*The task:* For the data below, restate word for word only the lines from the line containing "Recycling Bins Separation" through the line containing "Complementary and Alternative", both ends included.

*** Opening Information provided ***

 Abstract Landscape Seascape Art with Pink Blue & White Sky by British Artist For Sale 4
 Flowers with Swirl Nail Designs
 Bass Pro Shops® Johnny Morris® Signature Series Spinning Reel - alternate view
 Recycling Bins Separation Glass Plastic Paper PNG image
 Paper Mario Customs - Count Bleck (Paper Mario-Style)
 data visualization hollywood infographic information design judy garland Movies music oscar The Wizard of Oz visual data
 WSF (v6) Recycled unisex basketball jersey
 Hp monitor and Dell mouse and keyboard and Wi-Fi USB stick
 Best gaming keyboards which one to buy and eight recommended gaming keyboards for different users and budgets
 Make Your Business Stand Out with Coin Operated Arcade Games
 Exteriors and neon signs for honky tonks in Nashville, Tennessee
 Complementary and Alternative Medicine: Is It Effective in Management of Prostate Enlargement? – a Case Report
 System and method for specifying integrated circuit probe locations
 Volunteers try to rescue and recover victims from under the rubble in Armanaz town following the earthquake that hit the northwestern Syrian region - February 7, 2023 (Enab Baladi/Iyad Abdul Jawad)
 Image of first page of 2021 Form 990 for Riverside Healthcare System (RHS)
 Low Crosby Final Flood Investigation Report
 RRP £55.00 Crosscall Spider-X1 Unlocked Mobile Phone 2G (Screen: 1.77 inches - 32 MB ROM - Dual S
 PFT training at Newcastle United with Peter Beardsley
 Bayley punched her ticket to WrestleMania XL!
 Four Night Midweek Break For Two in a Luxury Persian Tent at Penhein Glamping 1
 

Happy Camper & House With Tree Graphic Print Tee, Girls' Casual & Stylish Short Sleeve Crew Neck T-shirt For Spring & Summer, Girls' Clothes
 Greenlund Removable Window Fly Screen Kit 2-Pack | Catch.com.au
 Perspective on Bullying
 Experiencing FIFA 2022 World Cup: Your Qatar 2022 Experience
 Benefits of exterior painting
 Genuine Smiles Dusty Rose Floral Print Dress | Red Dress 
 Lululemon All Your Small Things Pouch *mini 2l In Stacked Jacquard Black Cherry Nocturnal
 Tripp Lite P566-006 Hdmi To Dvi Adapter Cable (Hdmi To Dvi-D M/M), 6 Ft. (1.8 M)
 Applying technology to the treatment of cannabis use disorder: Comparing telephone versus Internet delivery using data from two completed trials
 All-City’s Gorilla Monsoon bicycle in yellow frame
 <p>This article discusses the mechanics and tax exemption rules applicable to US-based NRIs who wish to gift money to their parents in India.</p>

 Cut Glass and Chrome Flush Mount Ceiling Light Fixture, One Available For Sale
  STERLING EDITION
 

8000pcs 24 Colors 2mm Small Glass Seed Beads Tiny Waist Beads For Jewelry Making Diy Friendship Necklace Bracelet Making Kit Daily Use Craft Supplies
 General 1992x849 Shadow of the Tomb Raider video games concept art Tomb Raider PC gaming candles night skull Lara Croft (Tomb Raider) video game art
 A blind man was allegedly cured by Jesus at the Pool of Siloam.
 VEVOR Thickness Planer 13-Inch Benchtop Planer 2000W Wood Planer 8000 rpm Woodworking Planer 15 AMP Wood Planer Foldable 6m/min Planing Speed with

*** Closing Information provided ***

*Solution:*
 Recycling Bins Separation Glass Plastic Paper PNG image
 Paper Mario Customs - Count Bleck (Paper Mario-Style)
 data visualization hollywood infographic information design judy garland Movies music oscar The Wizard of Oz visual data
 WSF (v6) Recycled unisex basketball jersey
 Hp monitor and Dell mouse and keyboard and Wi-Fi USB stick
 Best gaming keyboards which one to buy and eight recommended gaming keyboards for different users and budgets
 Make Your Business Stand Out with Coin Operated Arcade Games
 Exteriors and neon signs for honky tonks in Nashville, Tennessee
 Complementary and Alternative Medicine: Is It Effective in Management of Prostate Enlargement? – a Case Report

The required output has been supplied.